SOURCE DATA

***

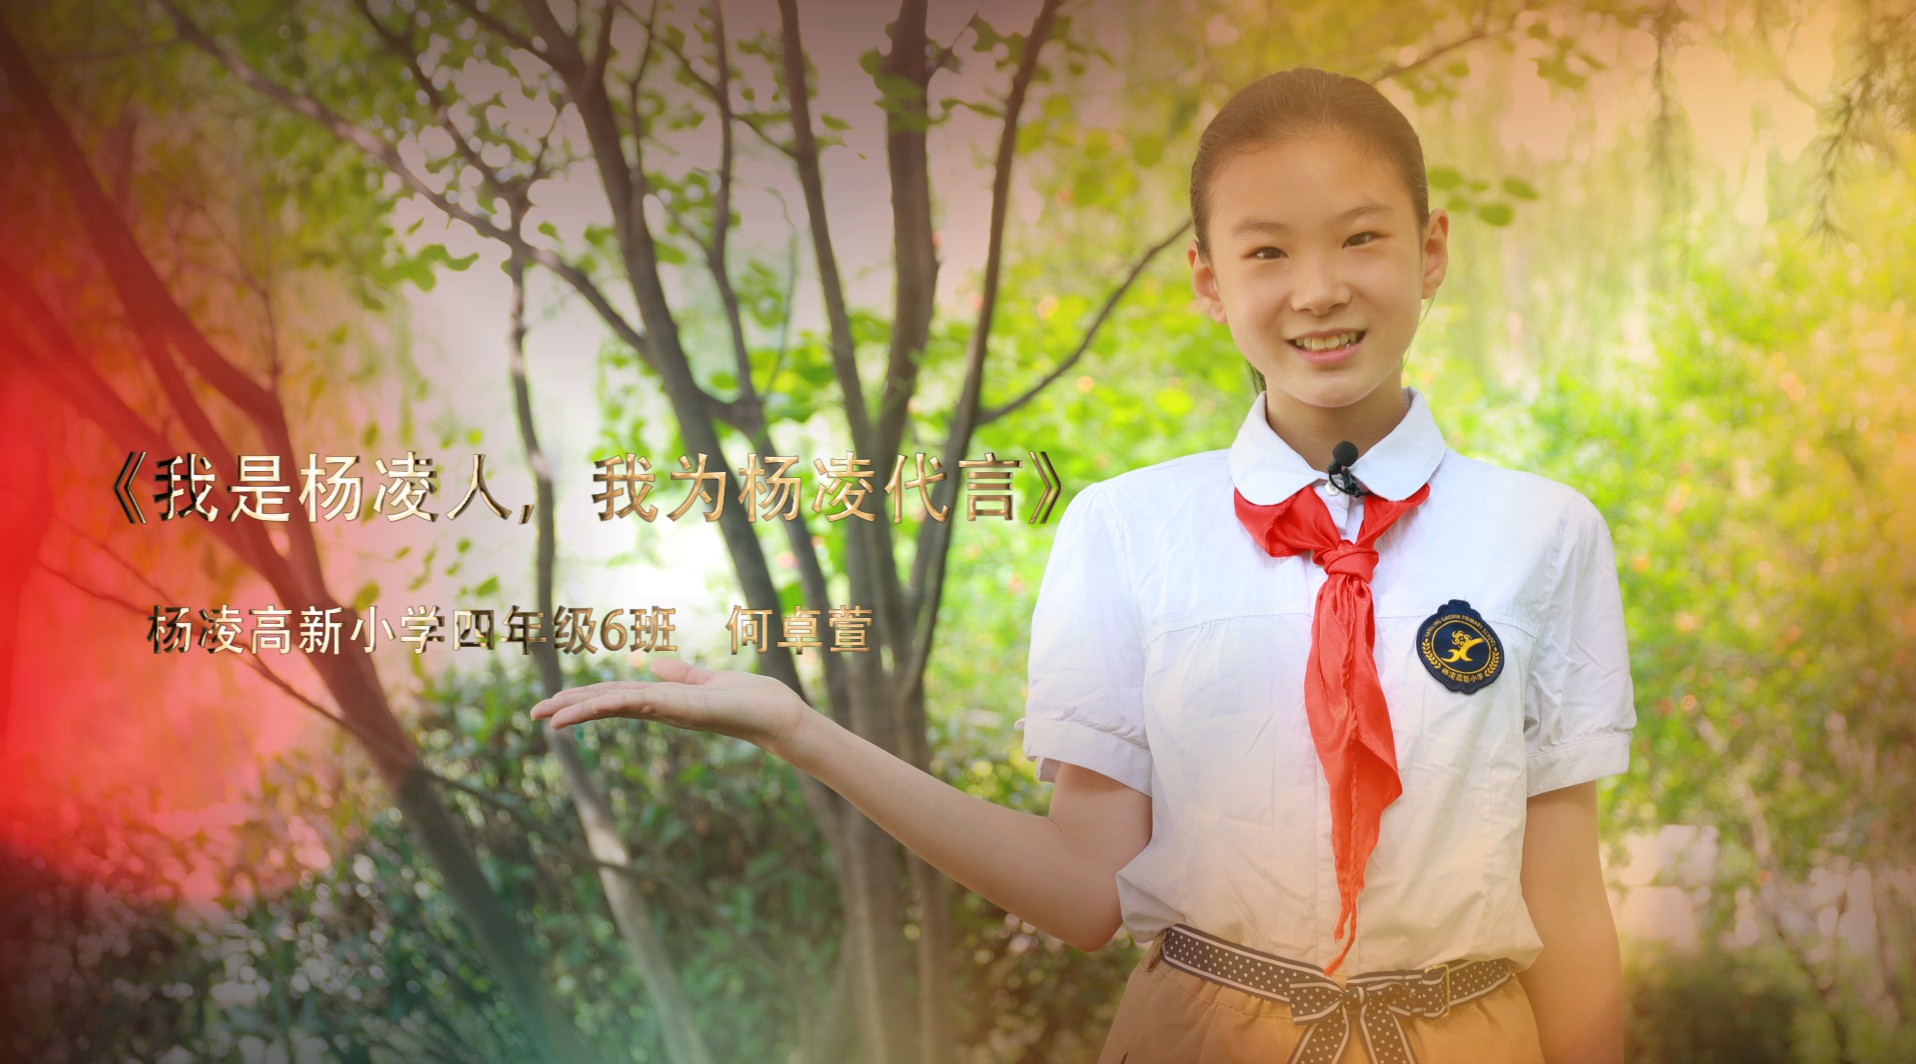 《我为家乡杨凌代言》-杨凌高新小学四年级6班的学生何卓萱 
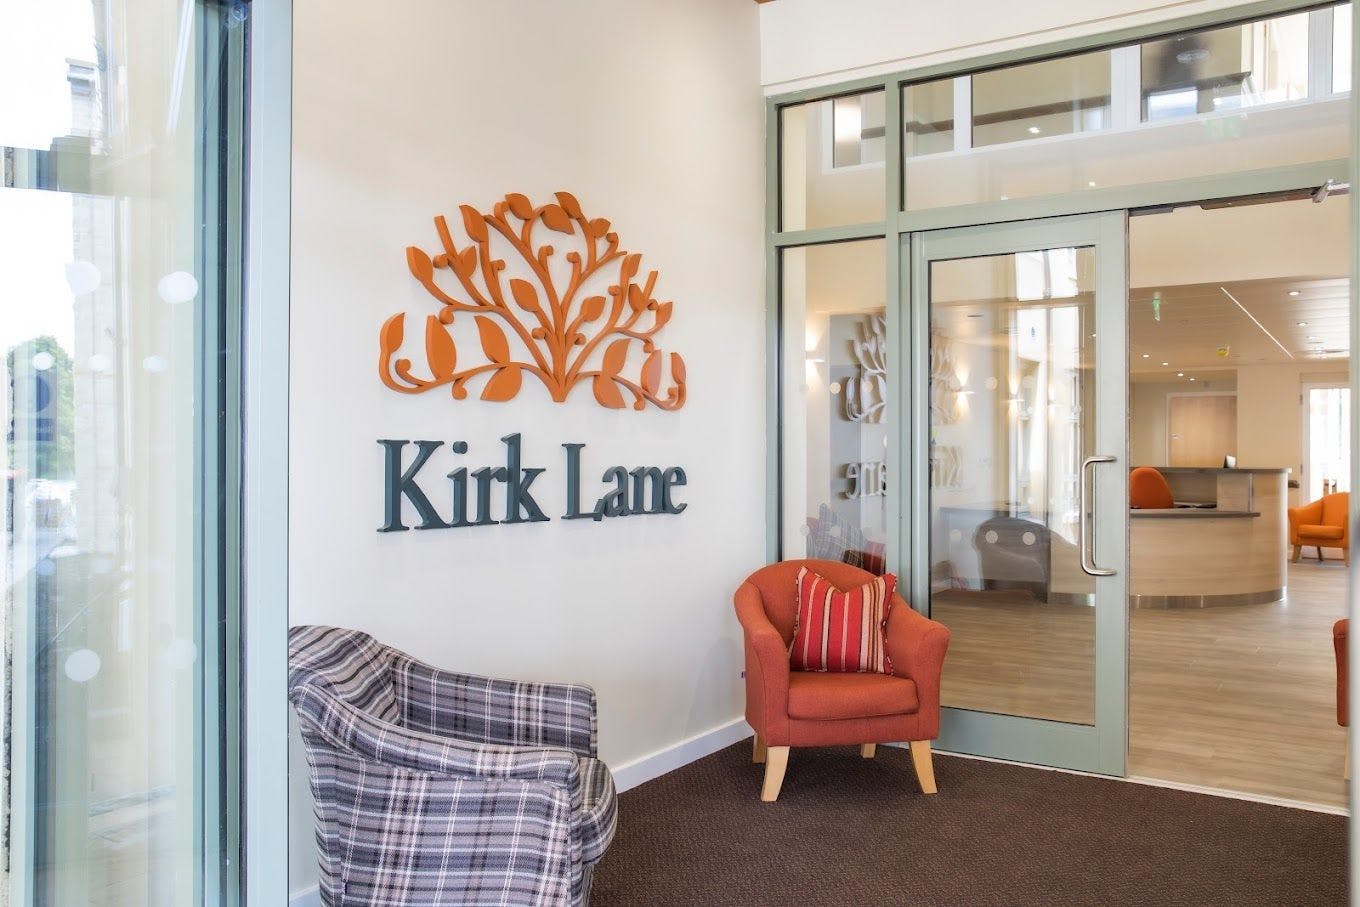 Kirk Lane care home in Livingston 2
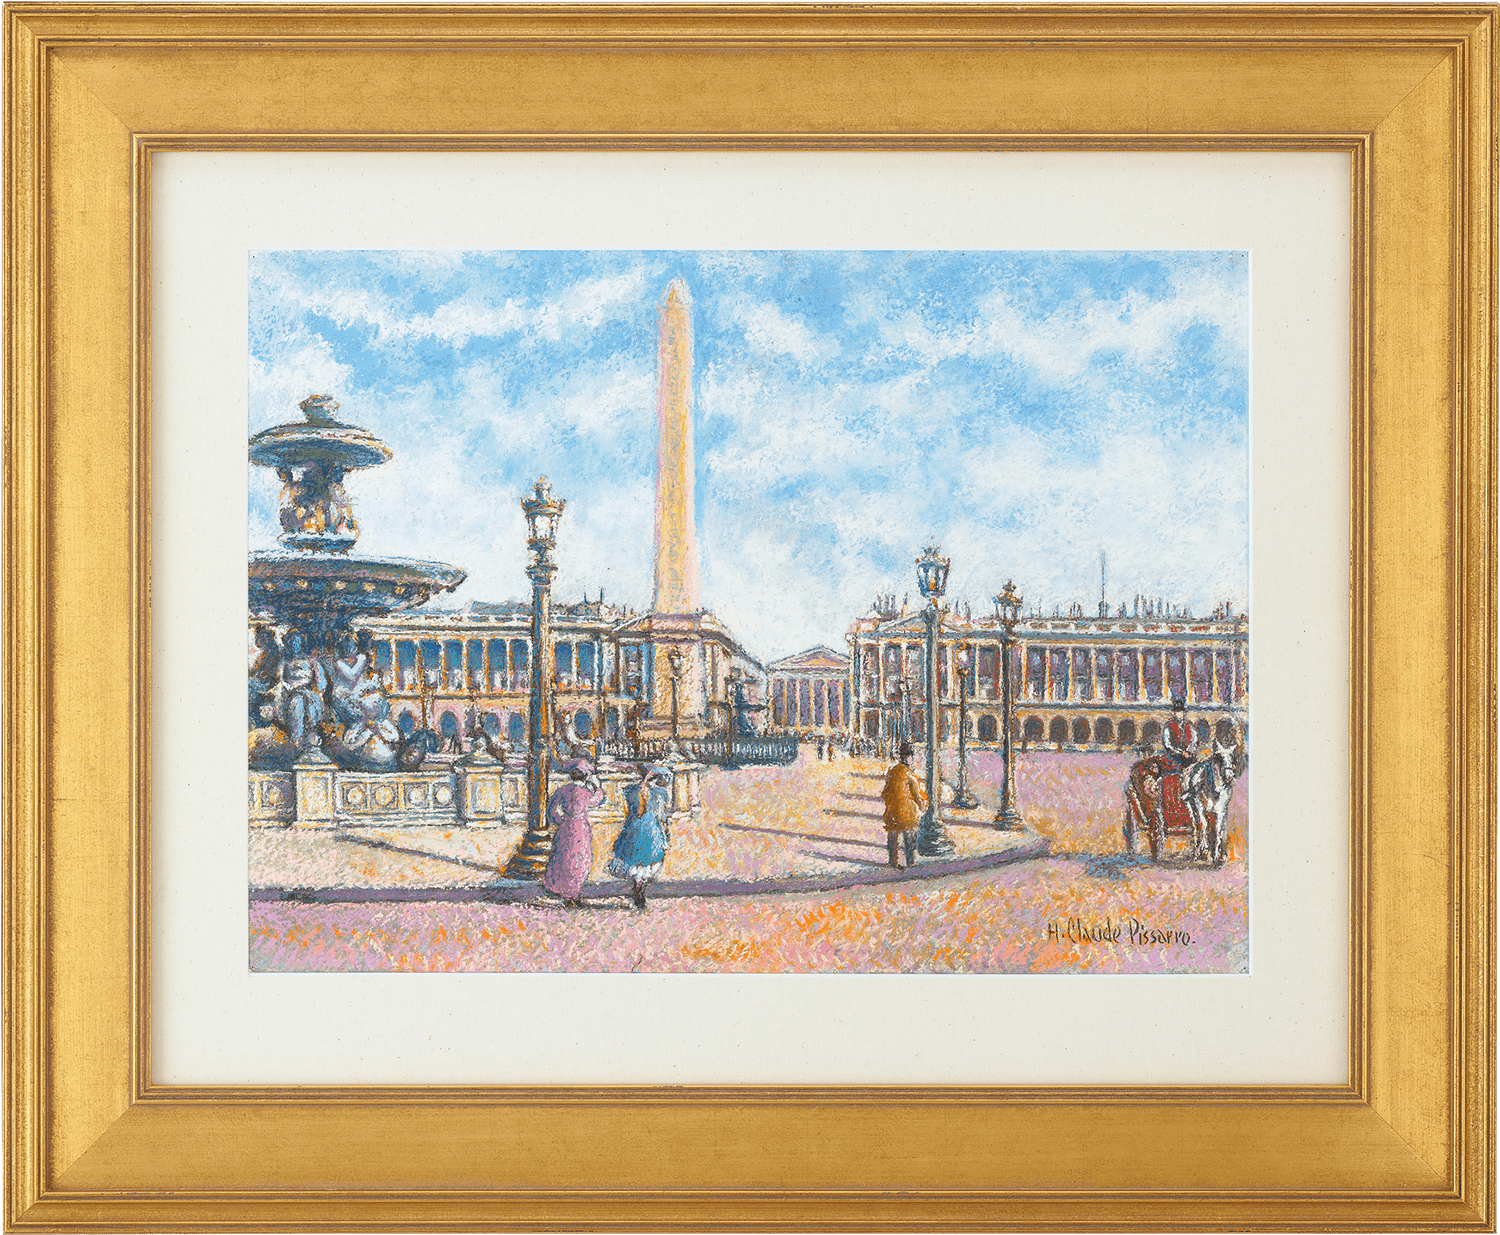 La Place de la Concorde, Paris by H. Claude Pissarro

***

EXERCISE PROMPT
Return all of the material exactly, without pictures.

EXERCISE ANSWER
 《我为家乡杨凌代言》-杨凌高新小学四年级6班的学生何卓萱 
 Kirk Lane care home in Livingston 2
 La Place de la Concorde, Paris by H. Claude Pissarro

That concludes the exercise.